Post by Graveyardbride on Jan 19, 2014 9:09:55 GMT -5
Edgar Allan Poe’s House on Amity Street
You might call him “The Leader of the Cult of the Unusual.” – Jules Verne.
Edgar Allan Poe, whose creepy tales of terror continue to thrill new generations of readers, lived in a crowded household from 1832 to 1835 at what is now 203 N. Amity Street in Baltimore.
Poe, born January 19, 1809, had lived in Baltimore on Mechanics Row on Wilks Street, east of the Jones Falls, in 1829. The next year he entered West Point but was dismissed a year later. He returned to Baltimore and moved into the 2½-story brick row house with green shutters that was built around 1830 for Charles Klassen in a rural area that then marked the western edge of the city. When he moved into the rented home – then No. 3 Amity Street – that measures no more than 12 feet by 12 feet, he was sharing accommodations with his invalid grandmother, Elizabeth Cairnes Poe; her daughter, Maria Poe Clemm; and Clemm’s two children, Virginia Eliza, 11, and Henry, 14.

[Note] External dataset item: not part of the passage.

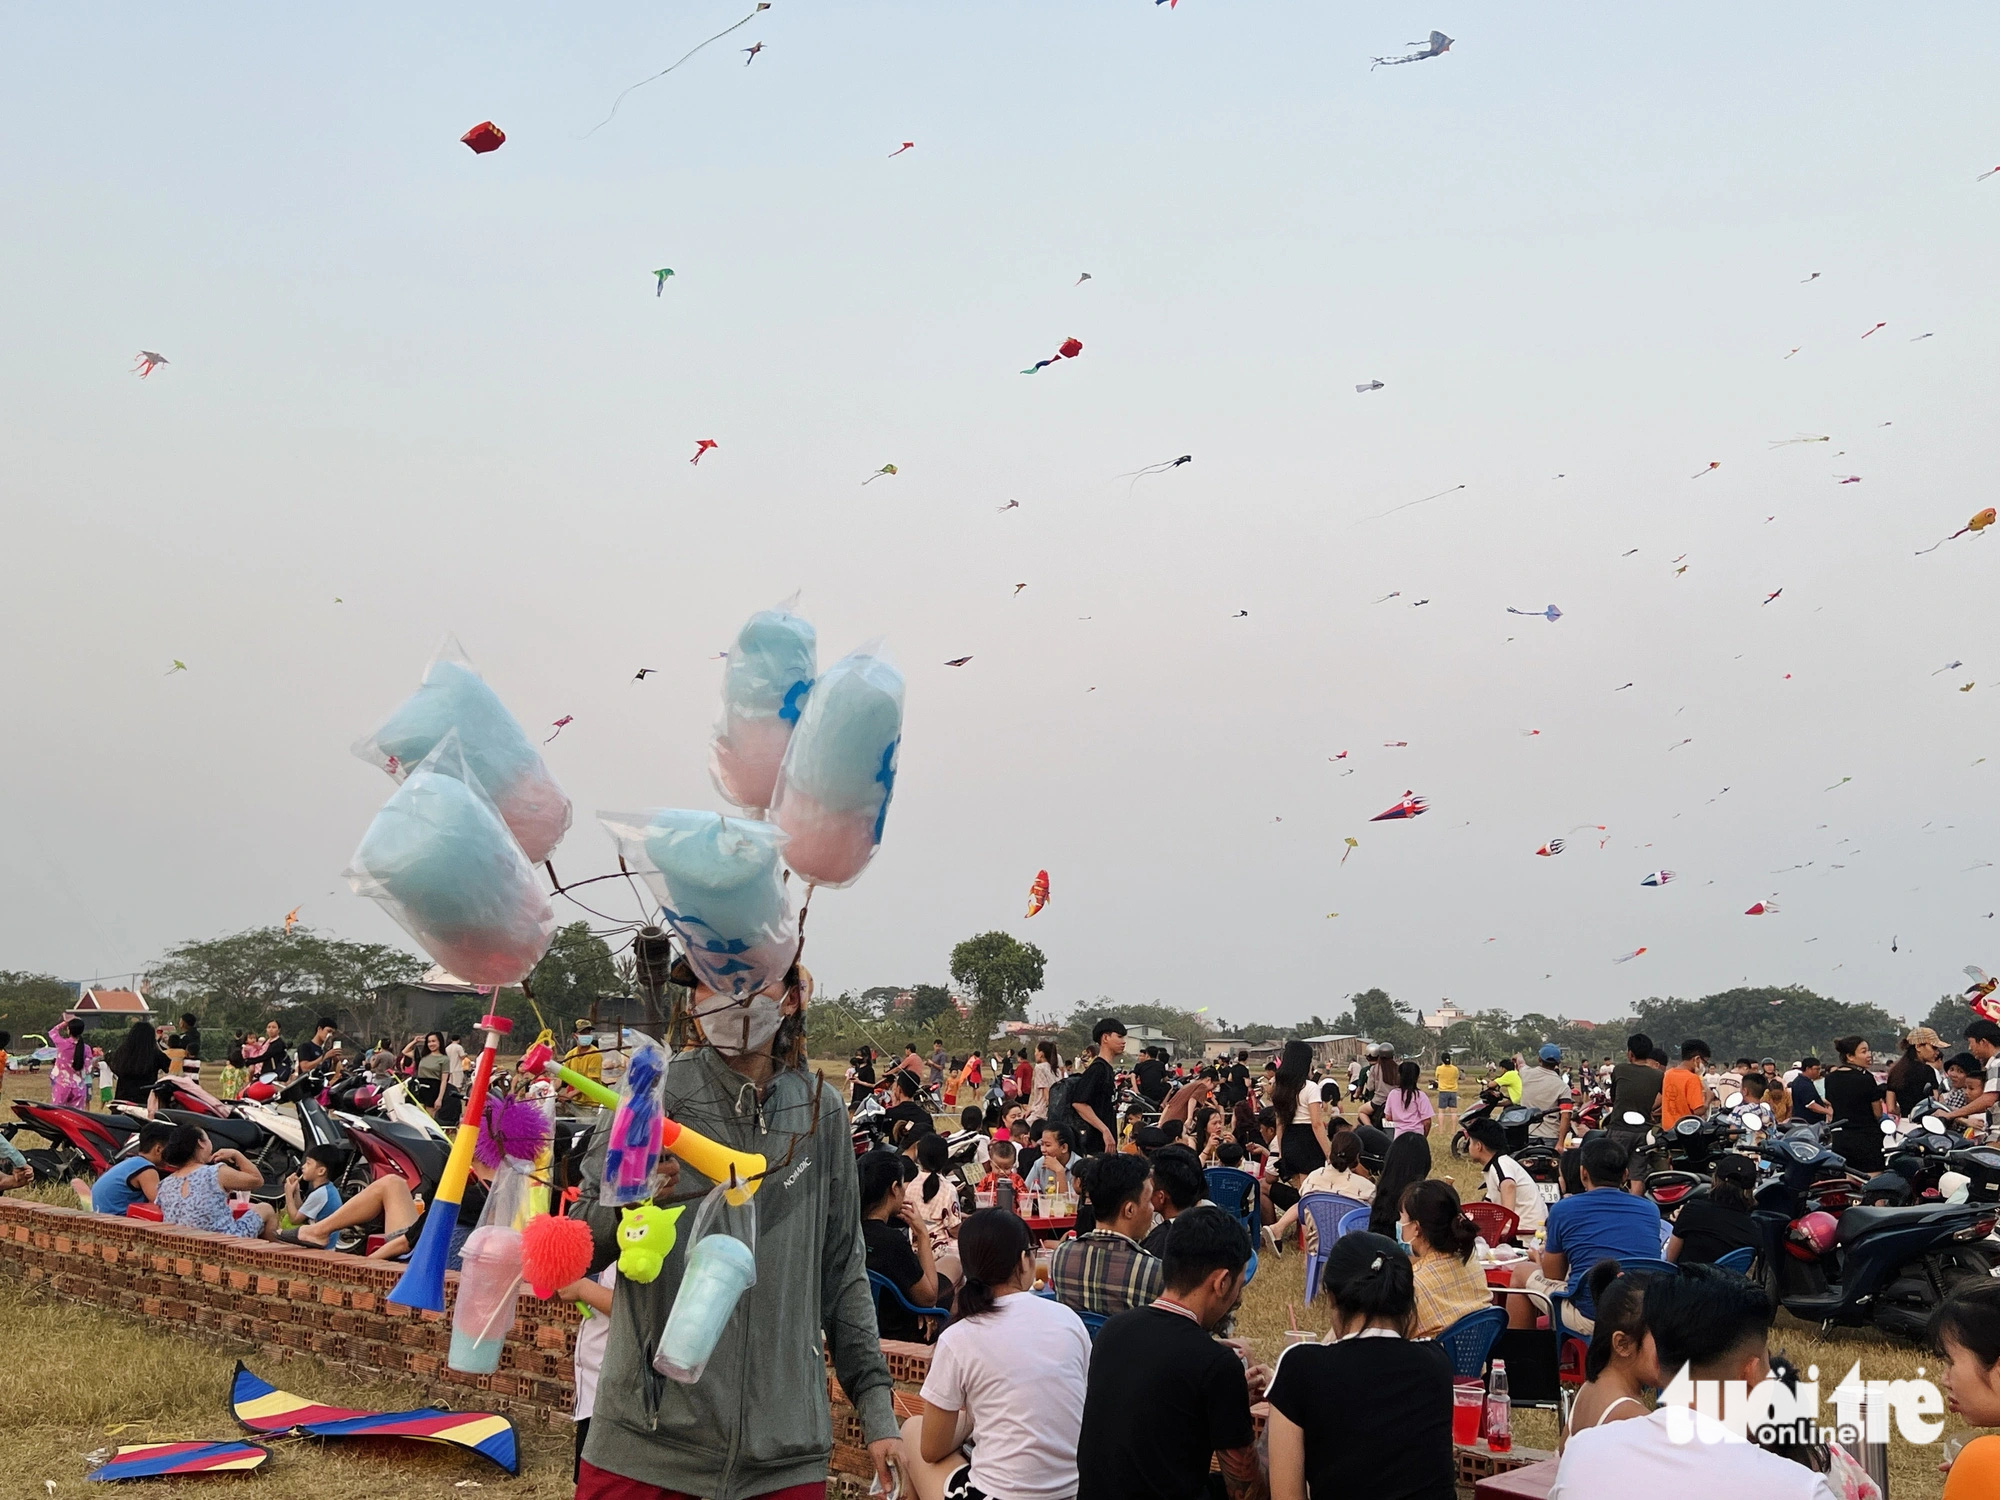 Ho Chi Minh City’s suburban field attracts kite flyers on weekends

The years Poe spent at the Amity Street address were significant: he perfected the art of the short story and wrote his only known play, Politian, as well as “Tales of the Folio Club,” which earned him a $50 prize from the Saturday Visitor, a weekly Baltimore magazine. Other short stories included “MS. Found in a Bottle," "Berenice – A Tale,” “The Visionary” and “Hans Pfaall.” During this time he also wrote numerous poems and literary reviews.
When federal urban renewal swept through the Poppleton neighborhood in the late 1930s, threatening the Poe House on Amity Street, it was the Edgar Allan Poe Society of Baltimore that managed to spare it from being demolished in 1941. Since 1972, the Amity Street home has been listed as a National Historic Landmark.

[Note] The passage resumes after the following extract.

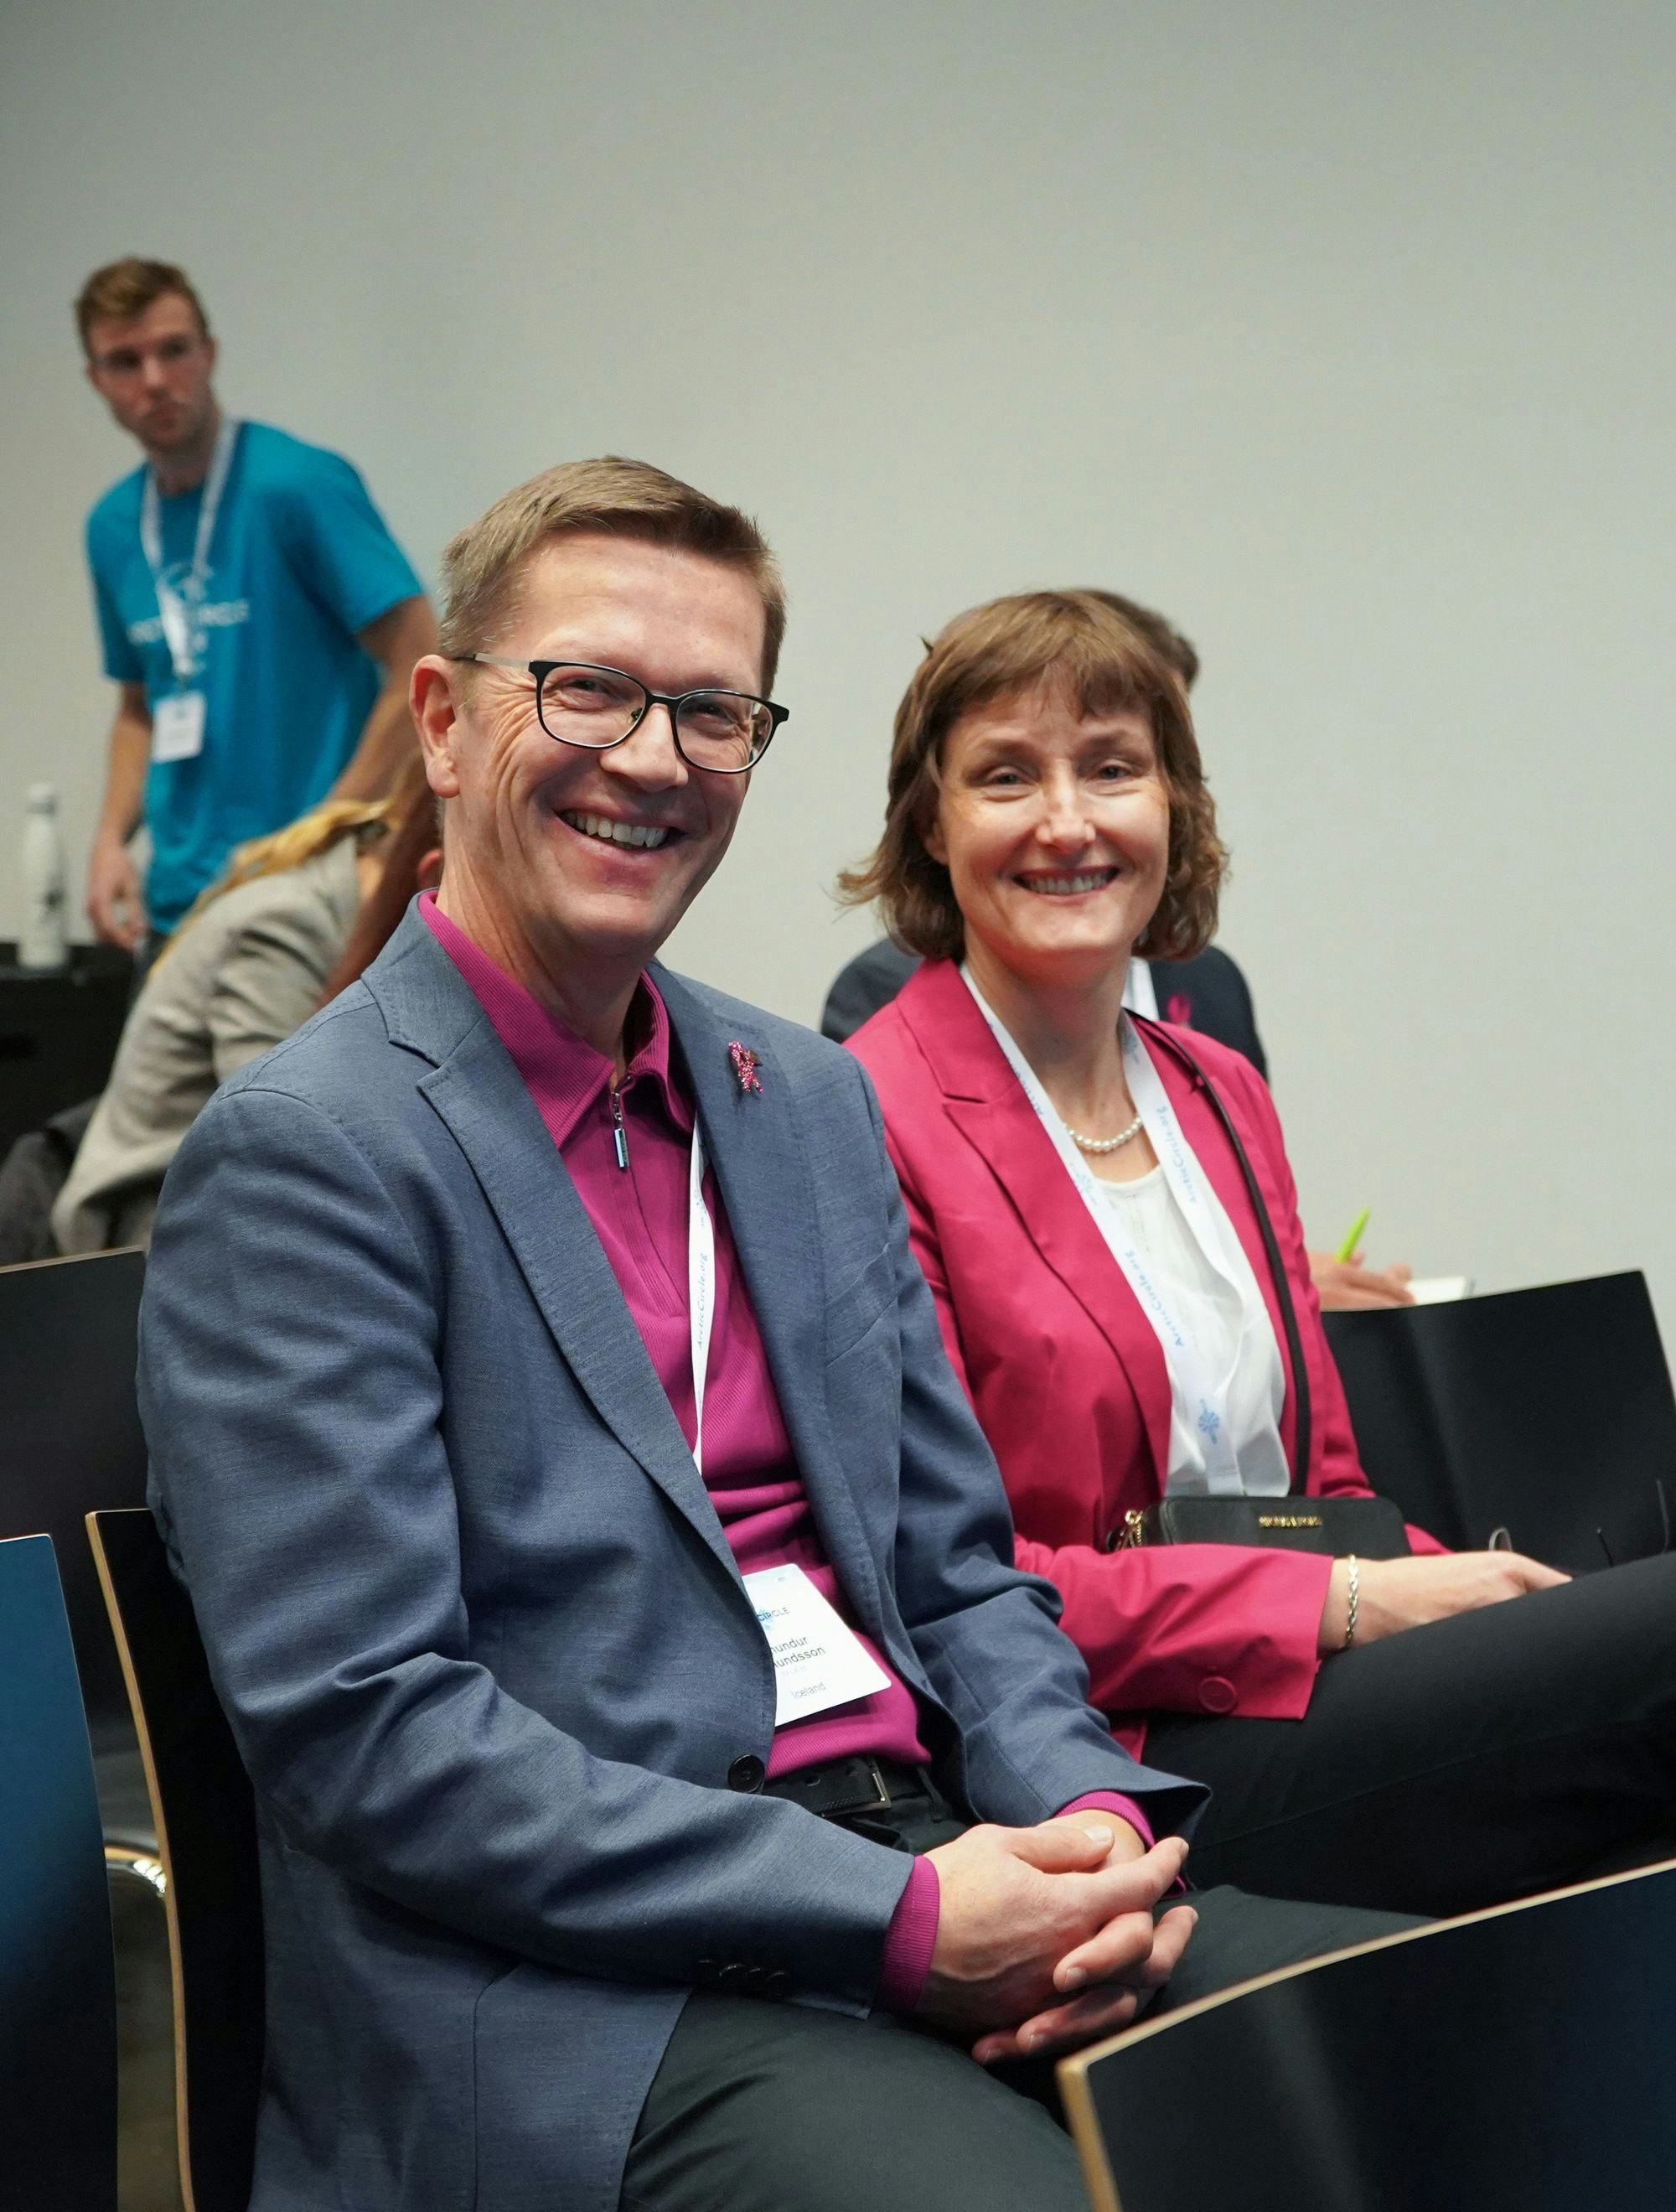 A man and a woman smiling and sitting together, both wearing pink with conference badges

The city closed the house in 2012, saying it would no longer be able to afford the $85,000 yearly budget to keep it open. In the wake of this development, Poe Baltimore was established, aided in its goal of caring for and running the house by a $180,000 city grant to the B&O Museum, which worked with the society to develop an operations plan.
“The house was in pretty good shape structurally,” said Kristen Harbeson, president of Poe Baltimore. “The house is largely original and undamaged. If you look at the house, you'll see a 4-foot addition in the back that was probably done in the early 1940s. The house was never heavily wired, and there is no real plumbing.

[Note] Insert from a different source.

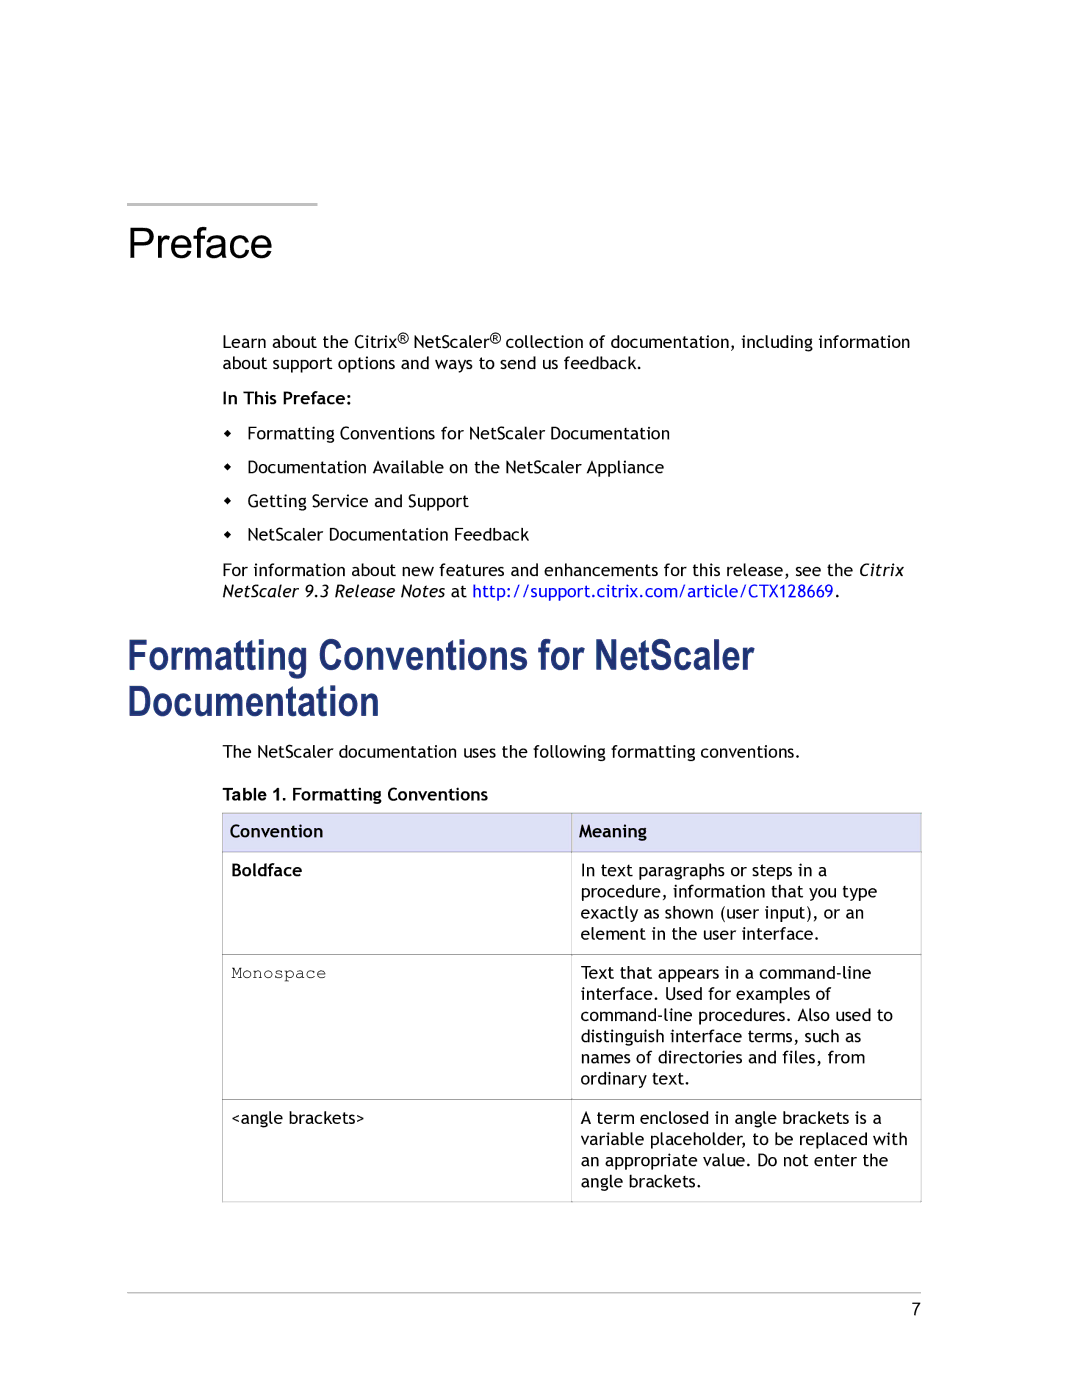 Citrix Systems 9.3 setup guide Formatting Conventions for NetScaler Documentation, This Preface

“If Poe walked in today, he'd recognize the structure,” Harbeson continued. “We don't have a lot of furniture, and we didn't guess at what would have been there. What we do have are artifacts that belonged to the family. This was the place where Poe really felt at home. And even though he lived such a troubled life psychologically, Amity Street was very important to him, and for us thinking about his history in that house as a writer.”
Initially, one enters a small parlor with a fireplace, and behind this room is a kitchen, also with a fireplace. The low ceilings and walls are probably the original horse-hair plaster, which in the 1830s would certainly have been whitewashed. Several whimsical porcelain dishes that date from 1790 and 1810 and were used by the Allan family are on display in the front parlor.
“The floor[board]s are random width, and the carpet that is on them now would not have been there then,” James Smolinski, director of grants for the B&O Museum and a member of the board of Poe Baltimore, said with a laugh as he showed a visitor to a winding staircase that leads to two bedrooms, one in the front overlooking Amity Street and the other in the rear. The stair is single file all the way and could not accommodate two adults. “Poe probably used the second-floor room and not the one on the third floor,” Smolinski observed.
While the house is spartan in its furnishings as it probably was during Poe’s residency, what is on display is quite impressive. A bow-back Windsor chair from 1800, which came from his uncle, was one that Poe could have routinely used, and he would have scanned the heavens through a 1790 telescope from an English maker. “It was his foster father John Allan’s telescope, and Poe was fascinated by science,” Harbeson added. “My favorite artifact is his traveling writing desk that he probably used at the University of Virginia.” Poe was a student at Virginia in 1826.
The desk, which is English and dates to 1825, is made of cherry, poplar, brass and felt. “This traveling writing desk is a treasure,” Smolinski insisted. “I don’t know how you could get any closer to the source.”
As Smolinski prepared to lock up the house, he advised his visitor he had never spent a night in the house and felt uneasy being alone there. “After a film crew left one day, I was in here all alone, and I can tell you it creaks,” he said.